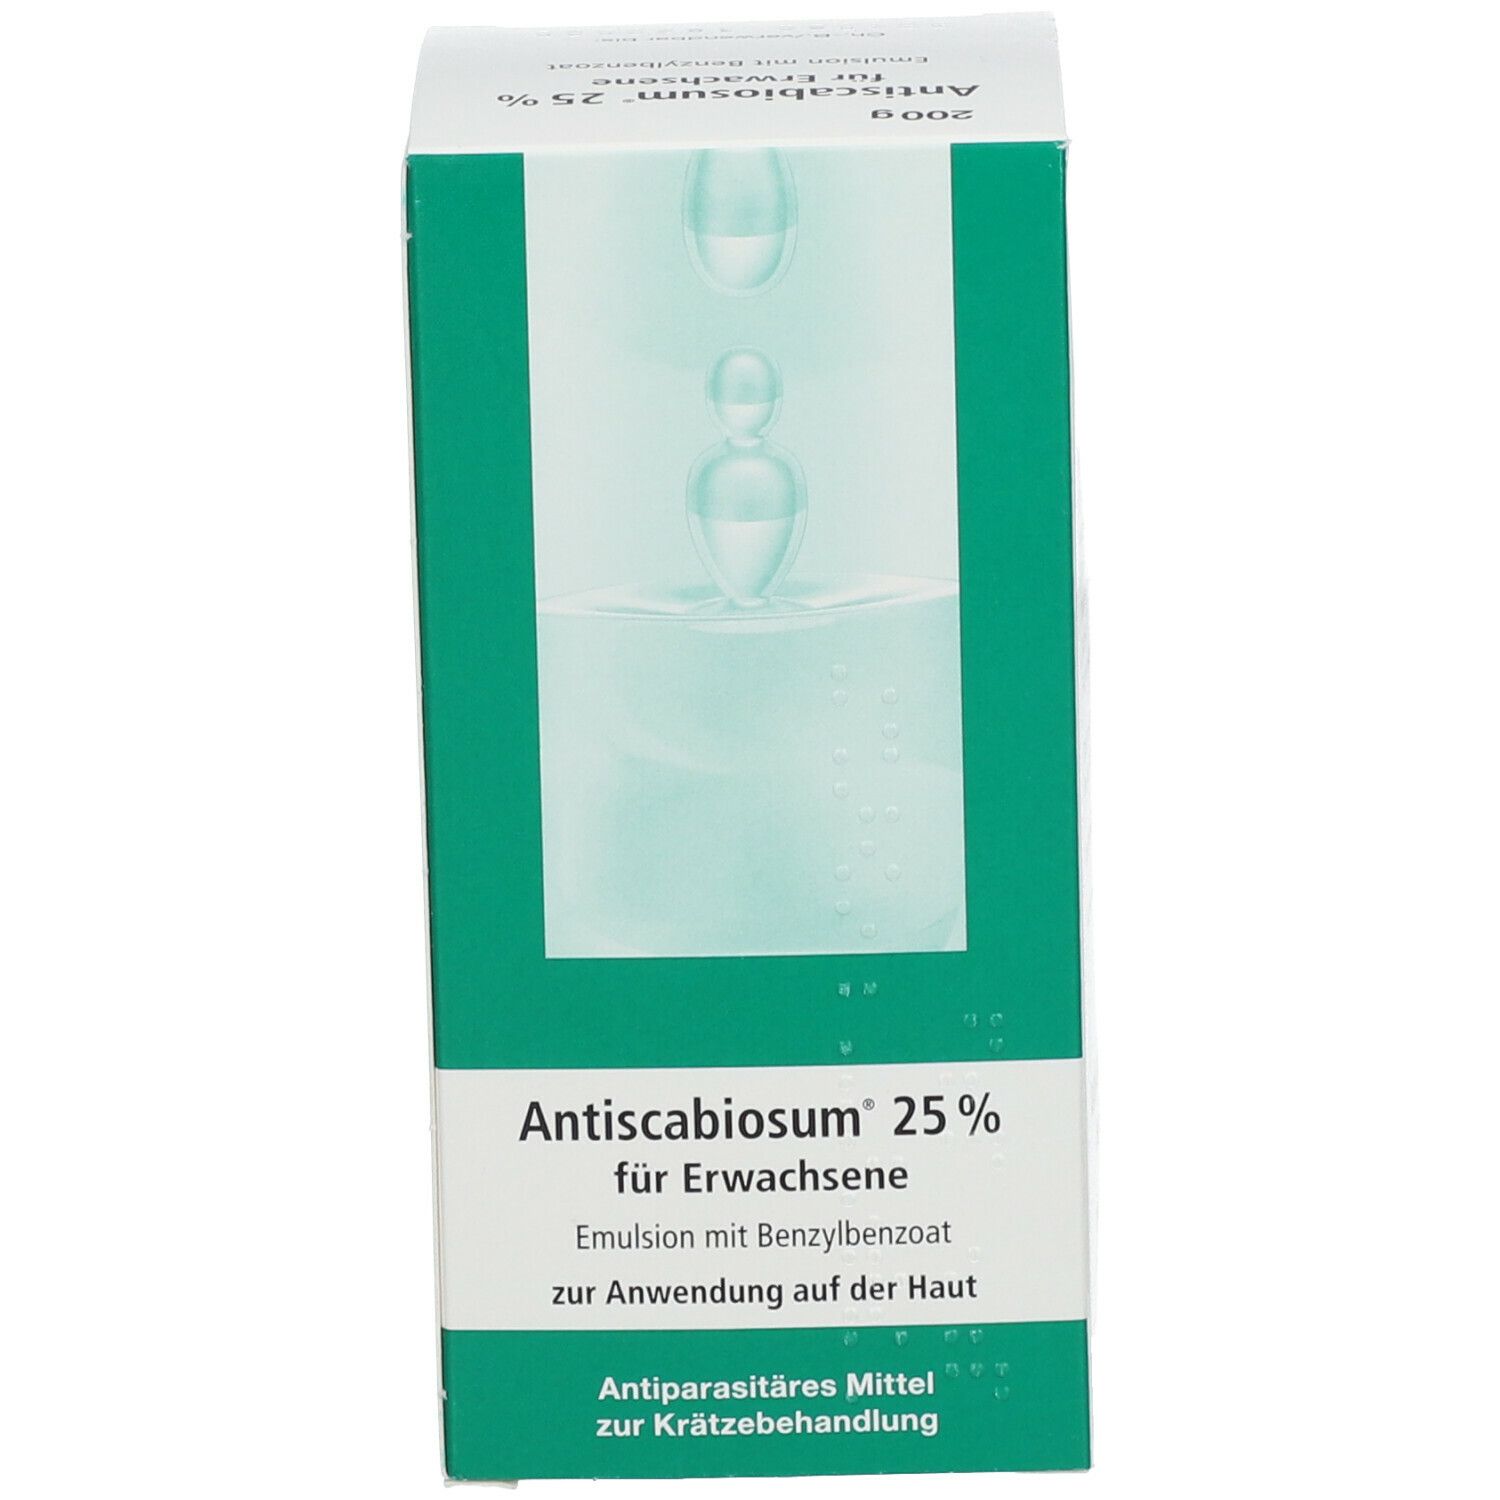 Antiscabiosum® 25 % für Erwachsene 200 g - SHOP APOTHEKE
· · · ·
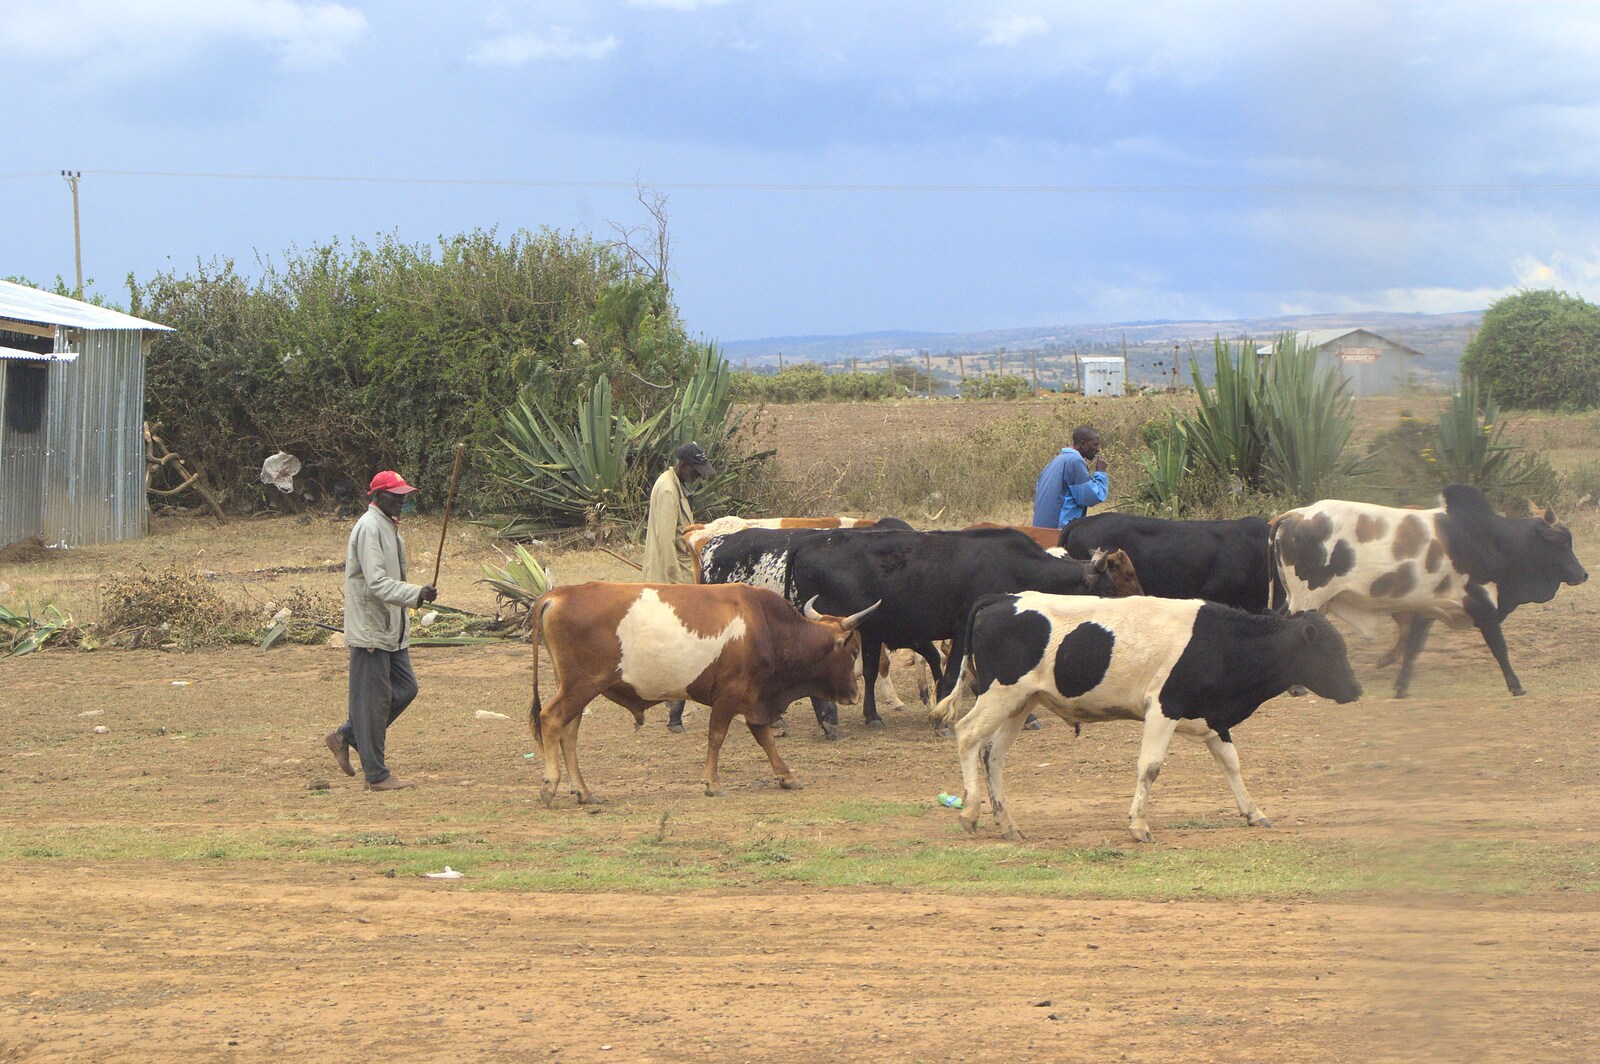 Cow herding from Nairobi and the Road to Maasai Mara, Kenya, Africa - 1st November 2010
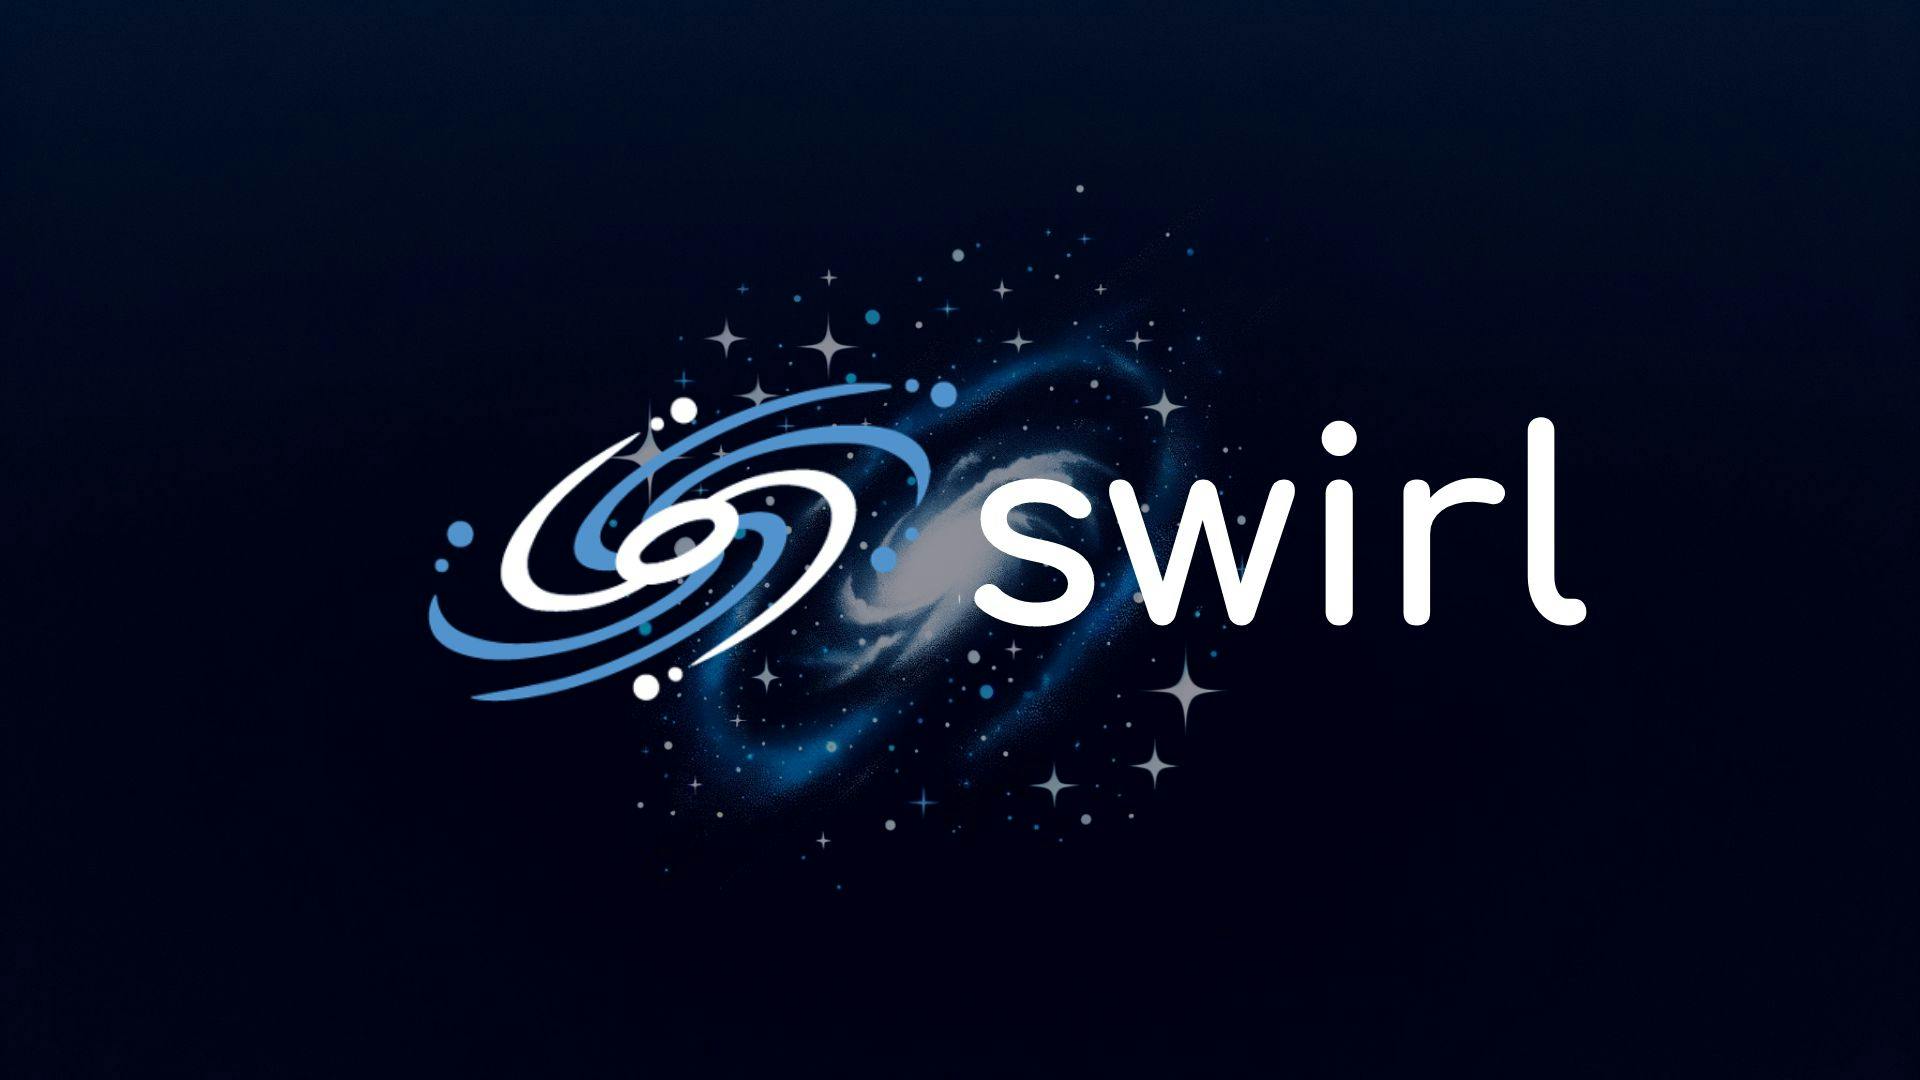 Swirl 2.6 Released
· · · ·
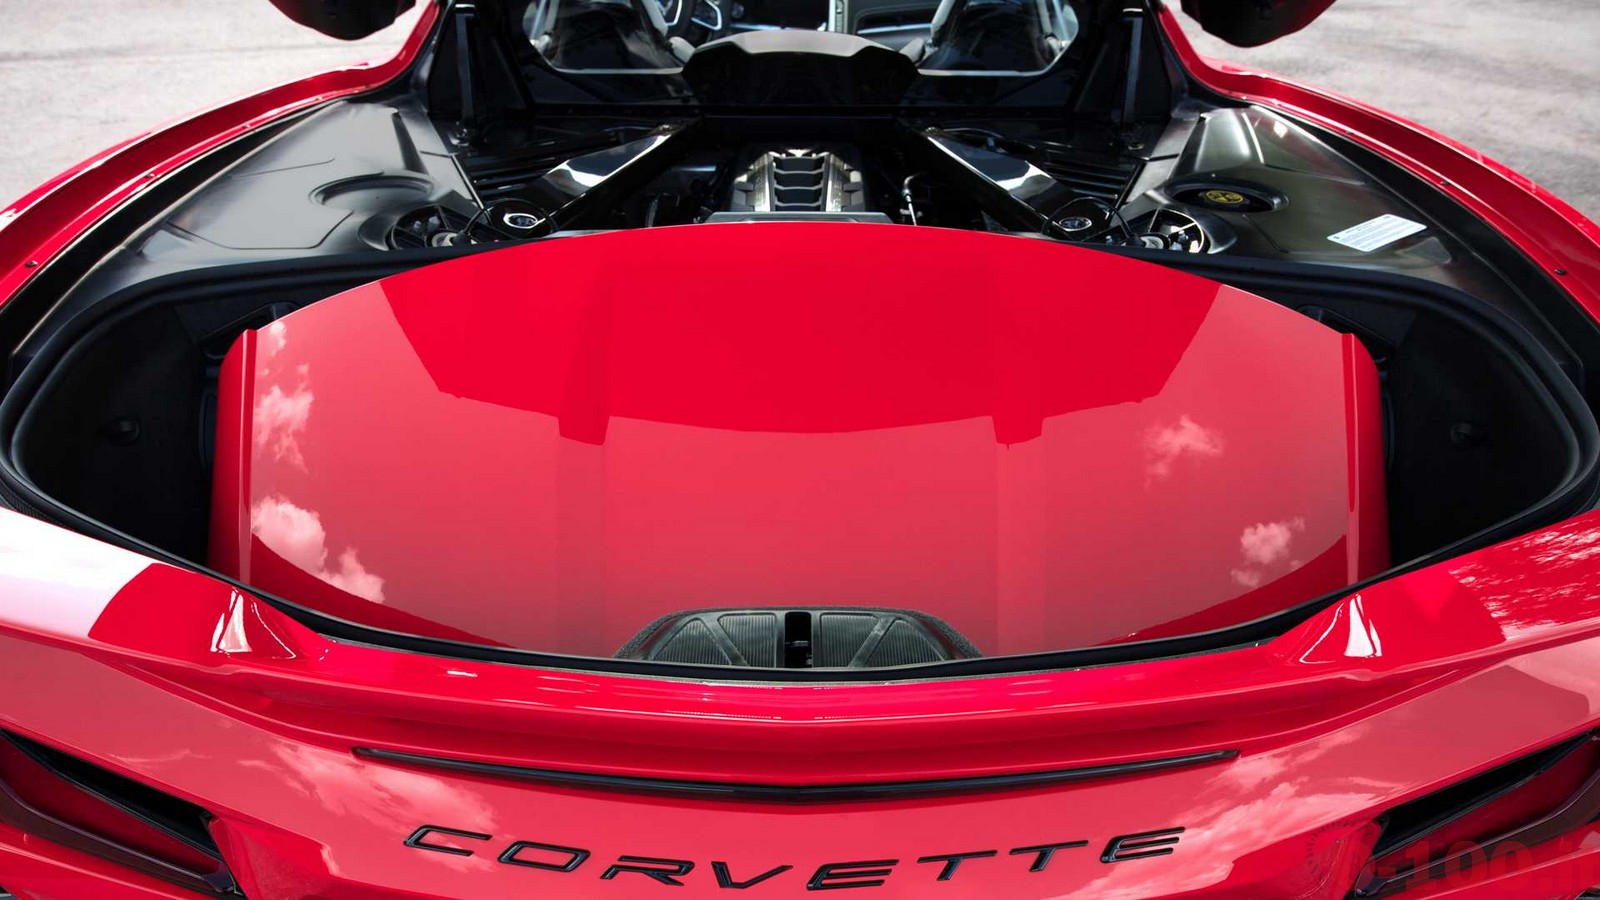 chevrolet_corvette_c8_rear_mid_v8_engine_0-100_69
· · · ·
# Work to be completed
Starting from the line with "Cow herding from" in the records above, repeat each line exactly until you have written the line with "Swirl 2.6 Released", then stop; drop the pictures.

# Answer to this exercise
 Cow herding from Nairobi and the Road to Maasai Mara, Kenya, Africa - 1st November 2010
 Swirl 2.6 Released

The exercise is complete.